Unzählige Gebäude hatten den verheerenden Erdbeben von Anfang Februar nicht standgehalten. Nach Angaben der türkischen Regierung wurden mehr als 173.000 Gebäude in 11 Provinzen des Landes zerstört. Fast zwei Millionen Menschen hätten ihr Obdach verloren. Mit dem Wiederaufbau von Häusern wurde inzwischen begonnen.
Hilfe auch in Deutschland
Deutschland hat unterdessen für Erdbebenopfer aus der Türkei und Syrien von Mitte Februar bis Freitag Hunderte Visa ausgestellt. Dabei handele es sich um 429 Schengen-Visa für Aufenthalte bis zu 90 Tagen sowie 99 Visa für den dauerhaften Aufenthalt in Deutschland im Rahmen des Familiennachzugs, sagte eine Sprecherin des Auswärtigen Amtes dem Redaktionsnetzwerk Deutschland (RND/Samstag).

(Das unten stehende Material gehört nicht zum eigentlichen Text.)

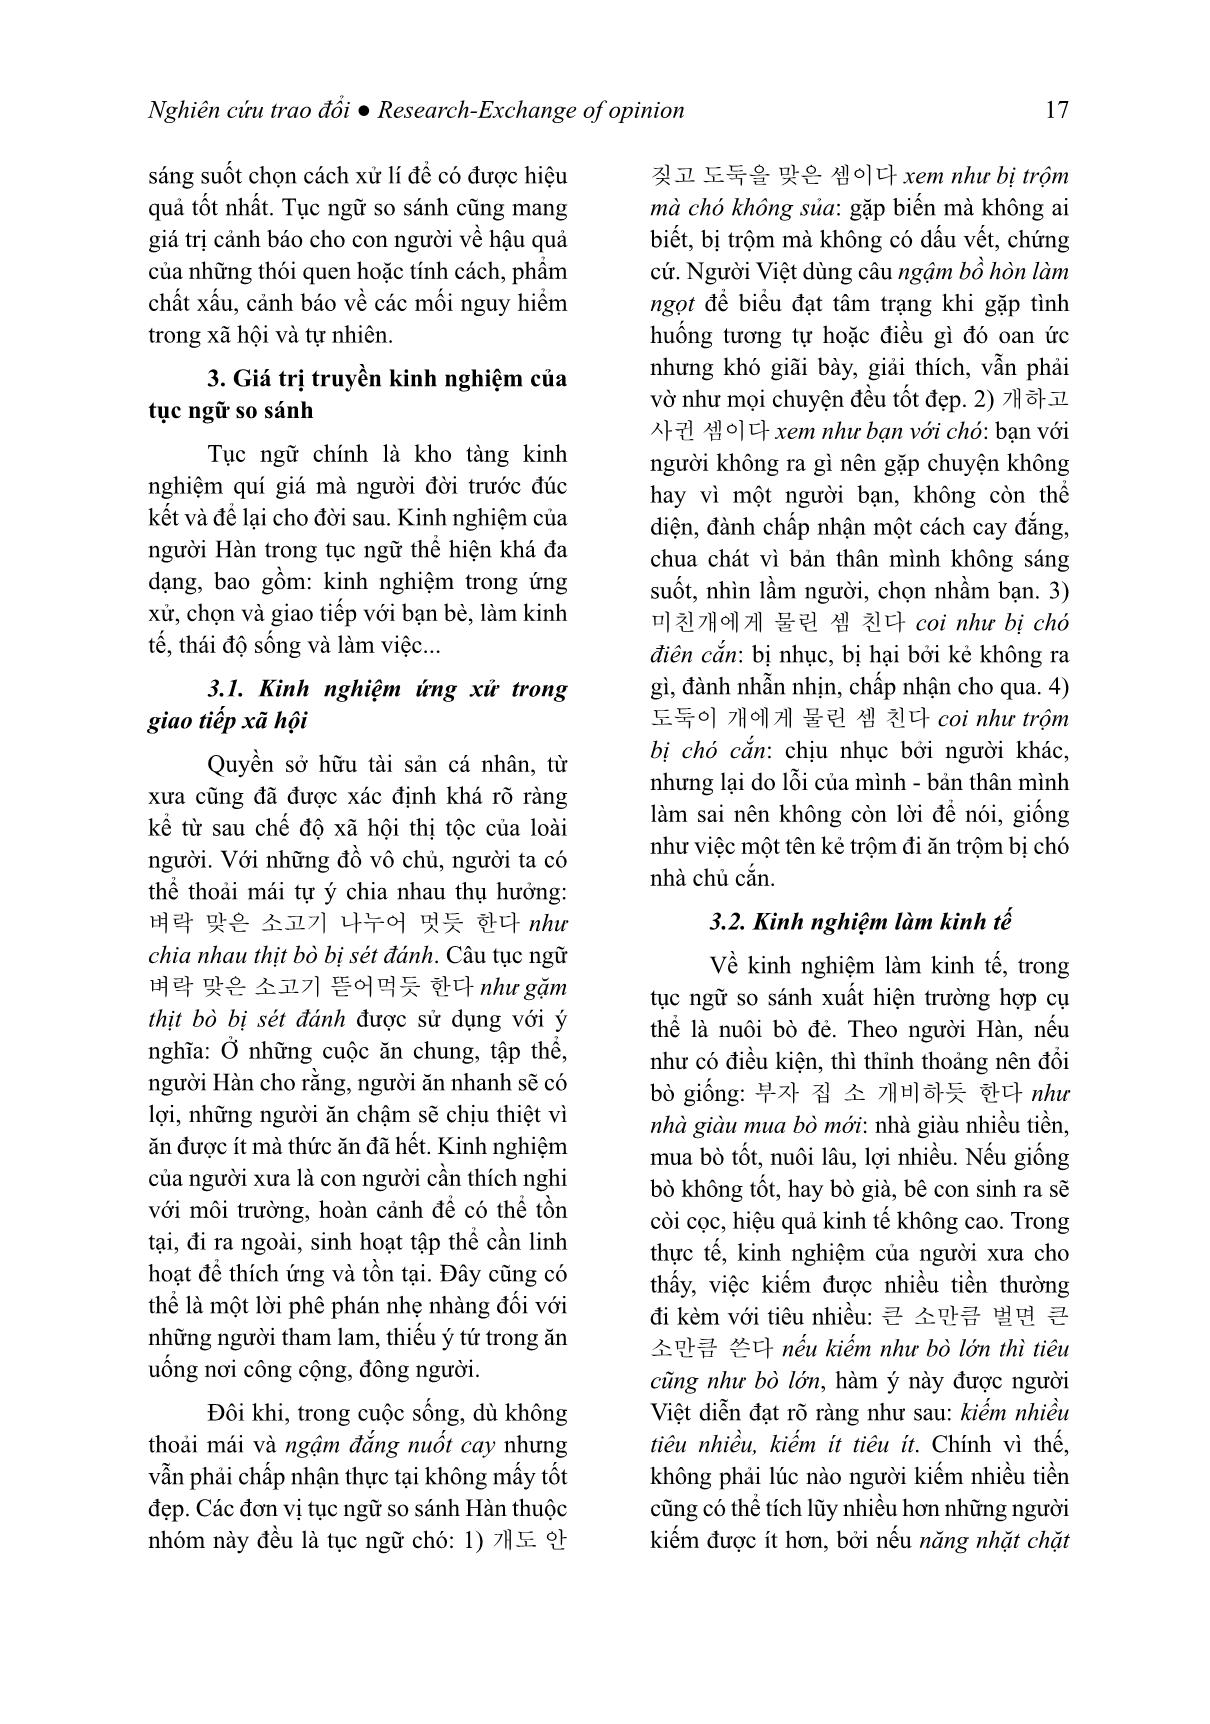 Giá trị giáo huấn của tục ngữ so sánh tiếng Hàn (Trọng tâm là các đơn vị có yếu tố chỉ con giáp) trang 8

Die Bundesregierung hatte das Verfahren nach der Naturkatastrophe angekündigt. Betroffene aus Syrien und der Türkei sollen so die Möglichkeit haben, zeitweilig bei Angehörigen in Deutschland unterzukommen. Das Vorhaben wurde teils kritisiert, weil trotz des Versprechens eines unbürokratischen Verfahrens zum Beispiel ein gültiger Pass und ein biometrisches Foto benötigt werden. (dpa/il)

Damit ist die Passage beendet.